**Prompt:** Before copying, find the line below that contains "Abus Profilzylinder D6X"; then return it and all later lines exactly, up to and including the final line, with no pictures.

--- Records ---

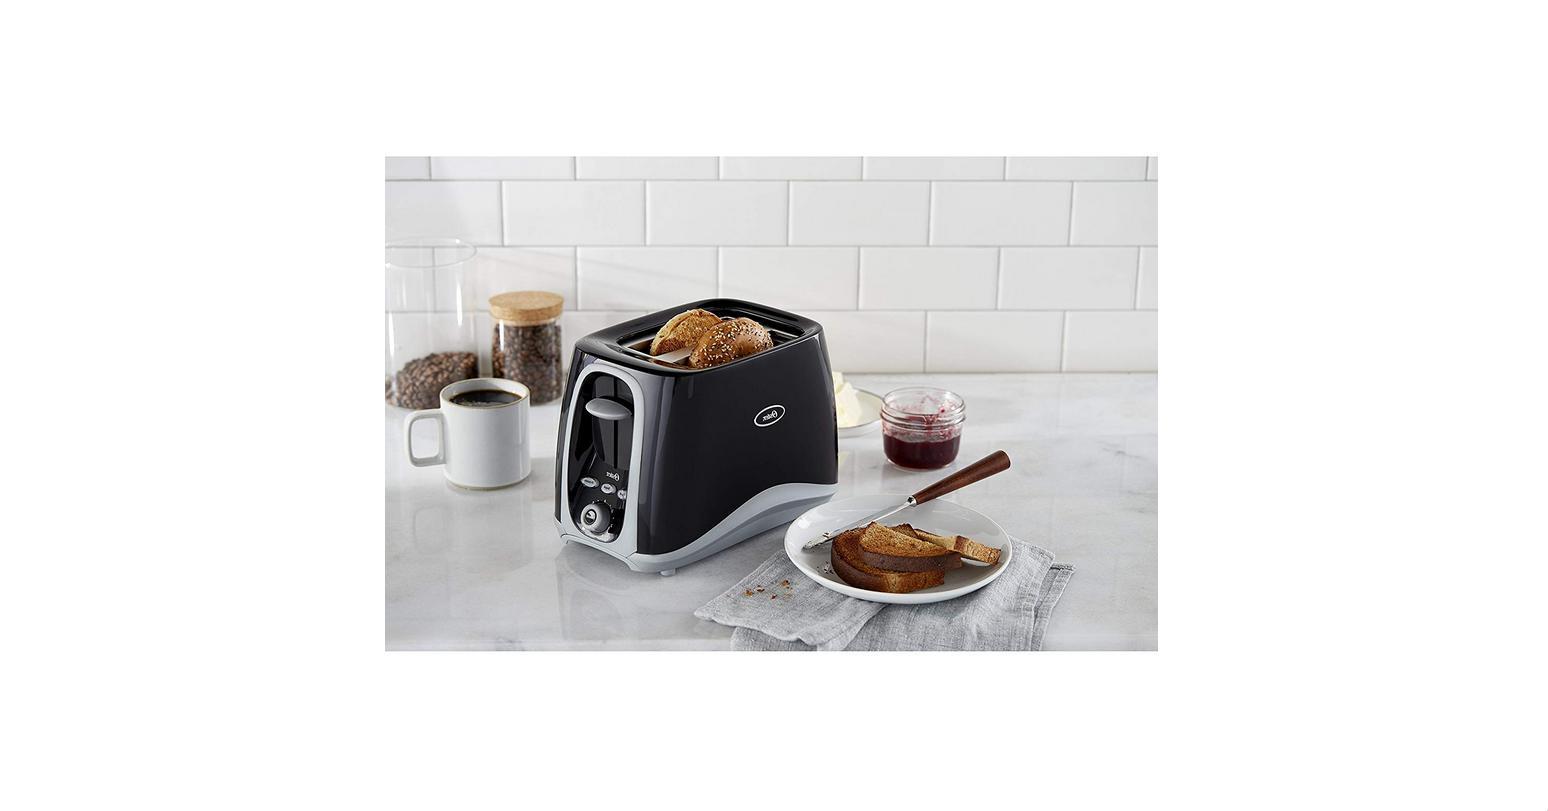 Oster 6332 2-Slice Toaster -
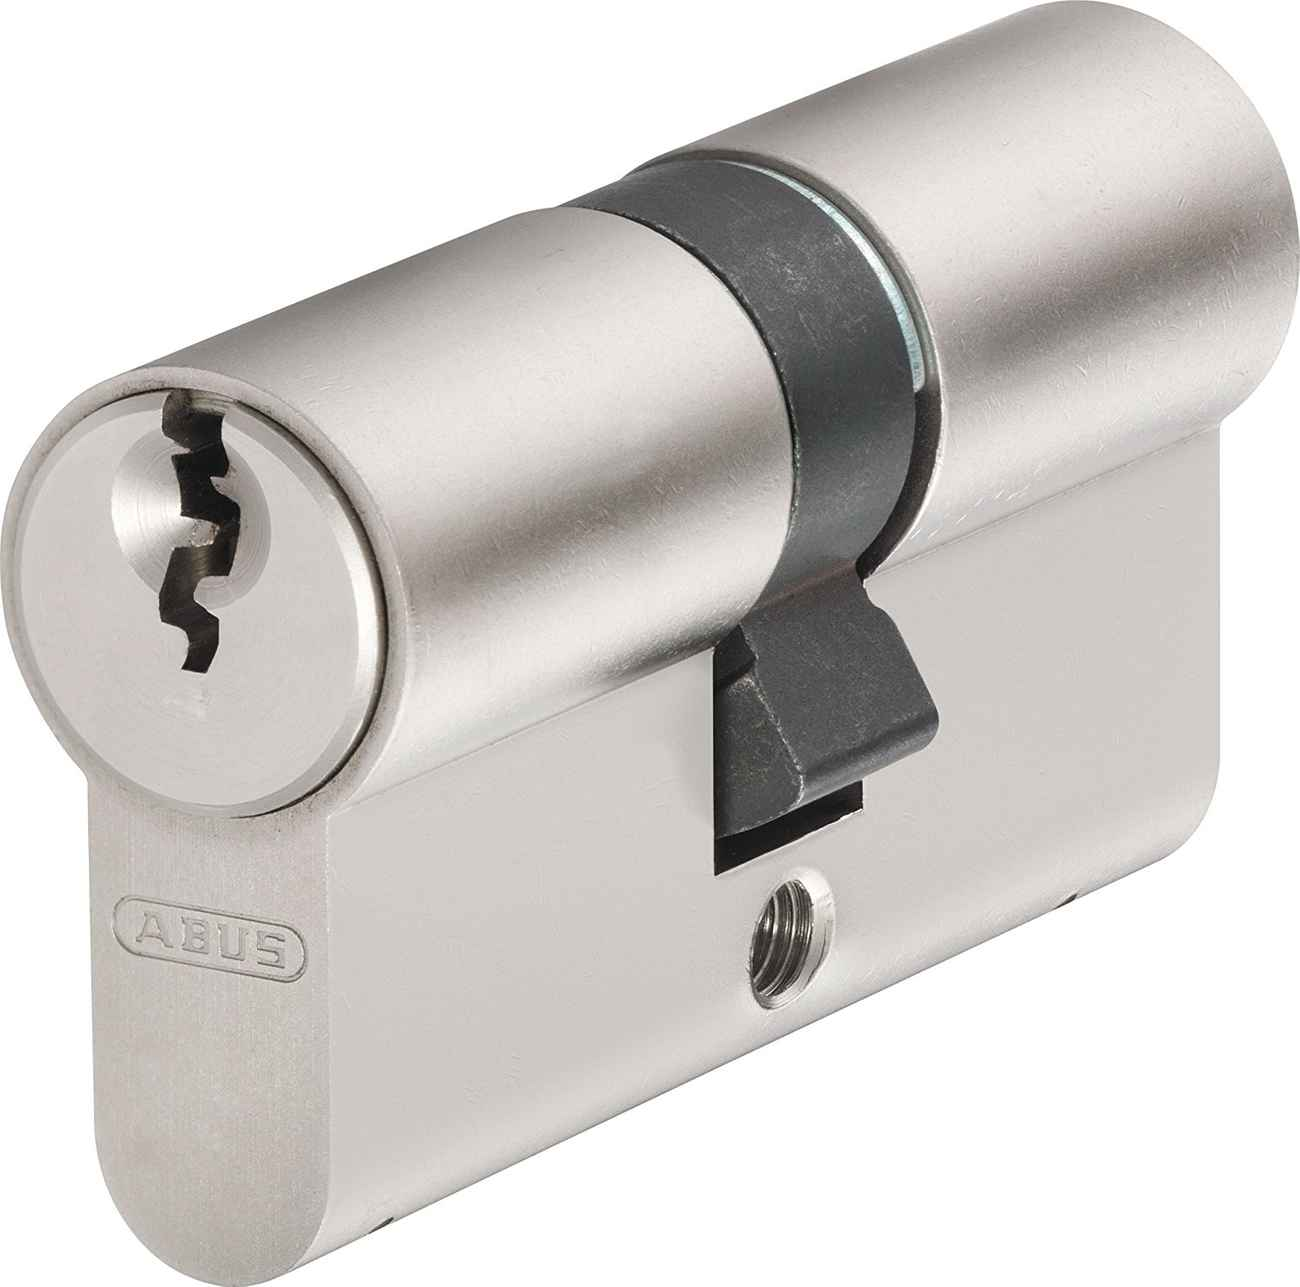 Abus Profilzylinder D6X 40/45 mm, 5 Schlüssel, Codekarte – Bild 1
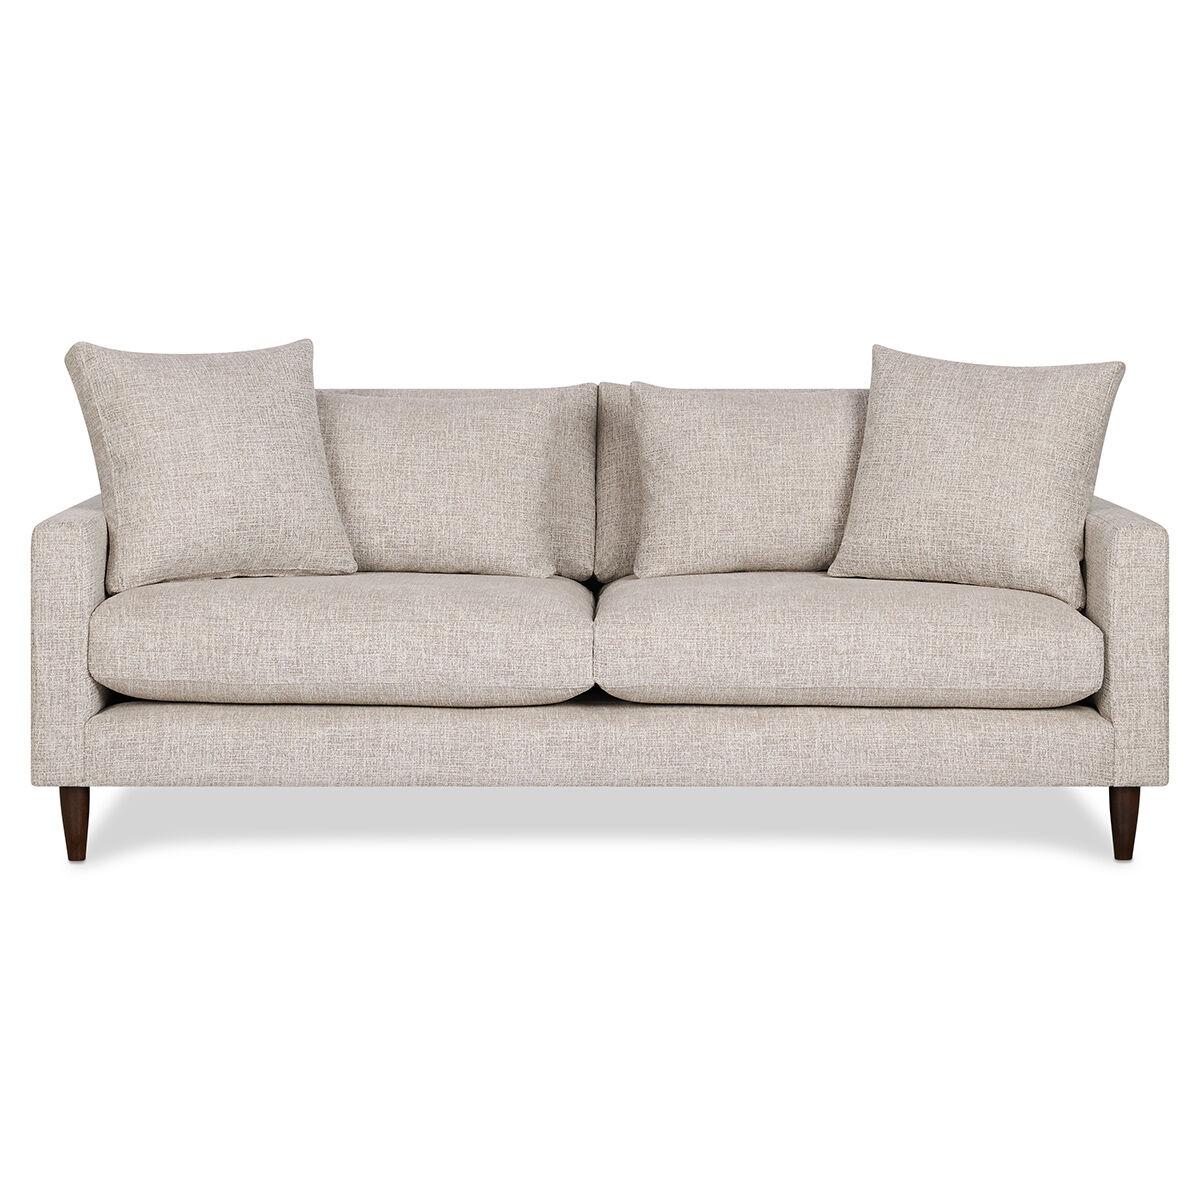 emma tufted sofa deco bed sofas living urban barn nixon giovanna moondust
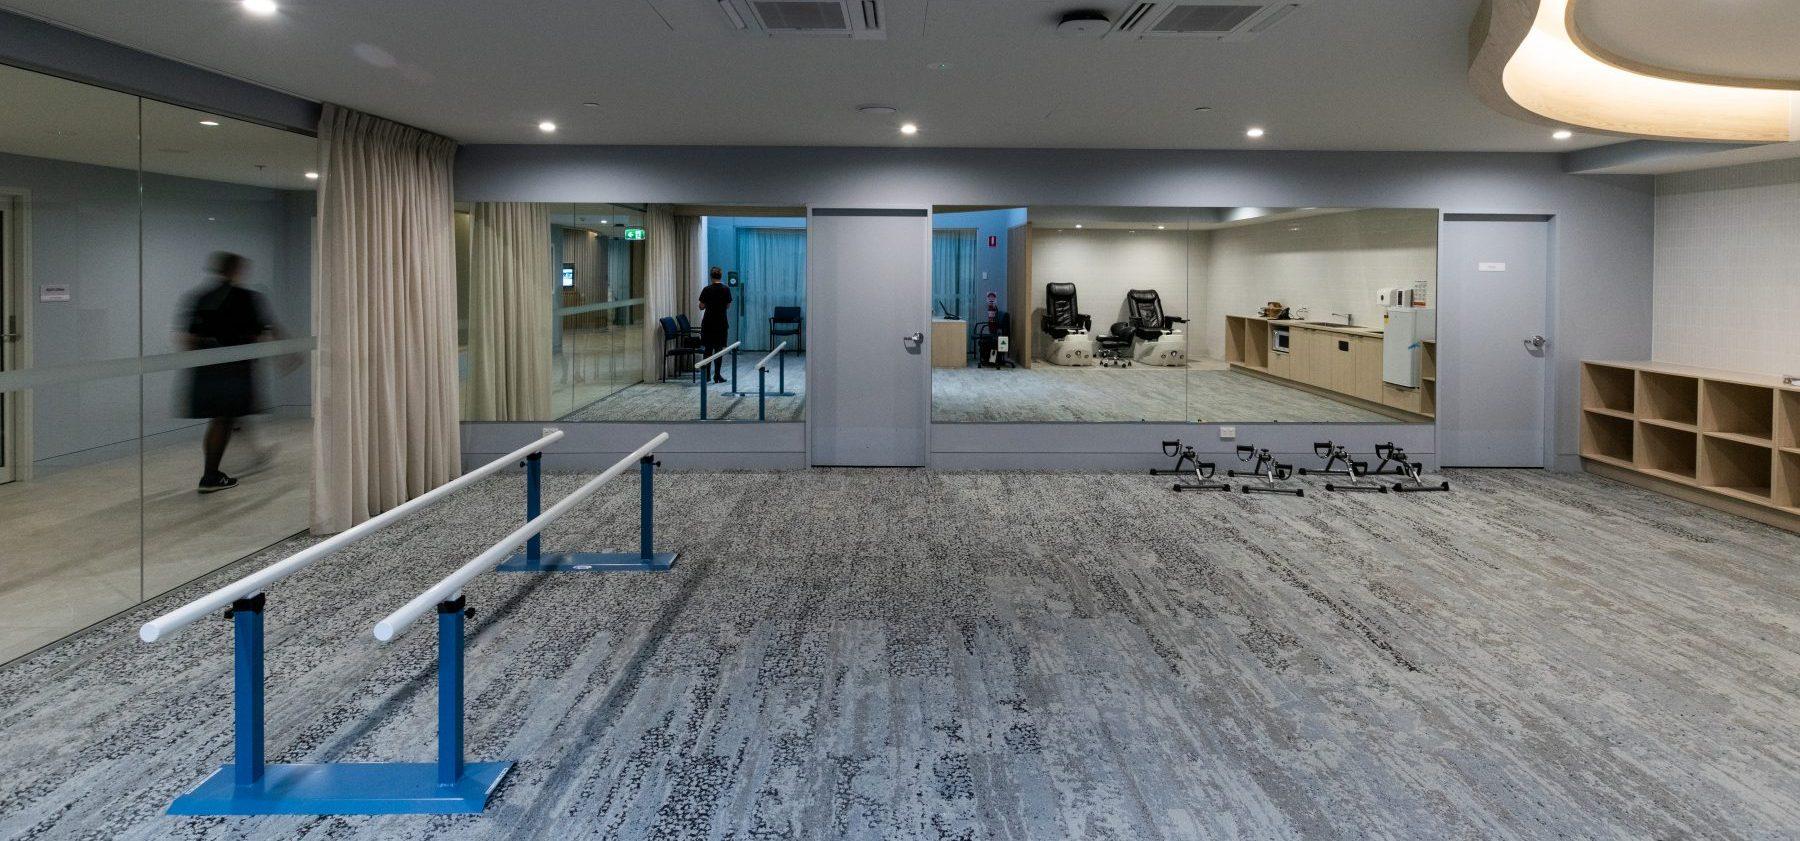 Arcare Noosa Interior PT Room
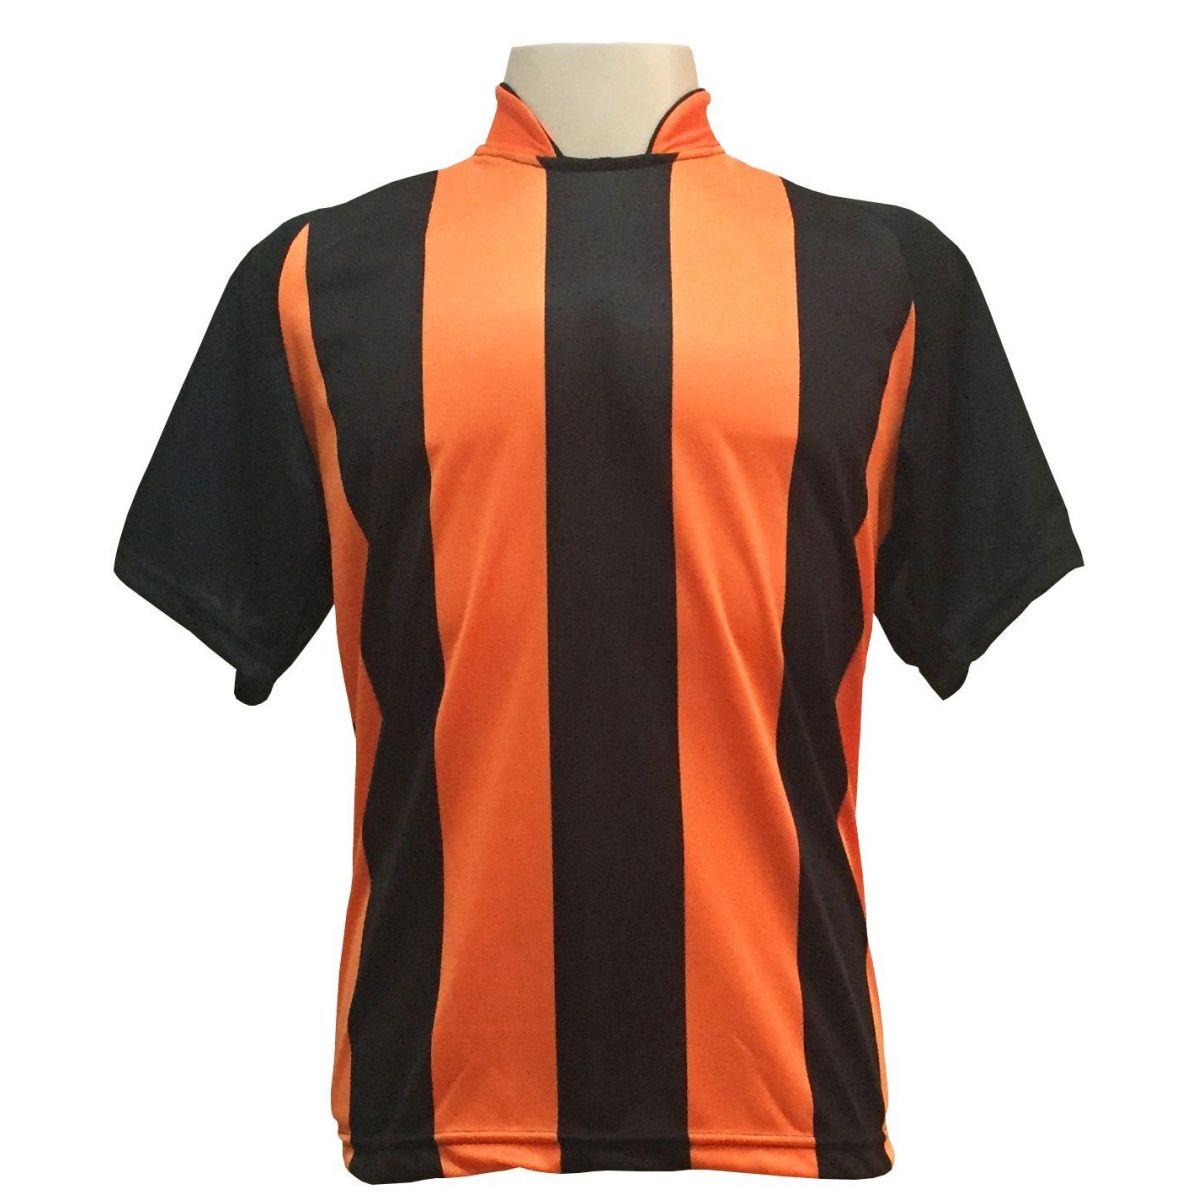 Jogo de Camisa com 12 unidades modelo Milan Preto/Laranja + Brindes

---

**Written answer:**
 Abus Profilzylinder D6X 40/45 mm, 5 Schlüssel, Codekarte – Bild 1
 emma tufted sofa deco bed sofas living urban barn nixon giovanna moondust
 Arcare Noosa Interior PT Room
 Jogo de Camisa com 12 unidades modelo Milan Preto/Laranja + Brindes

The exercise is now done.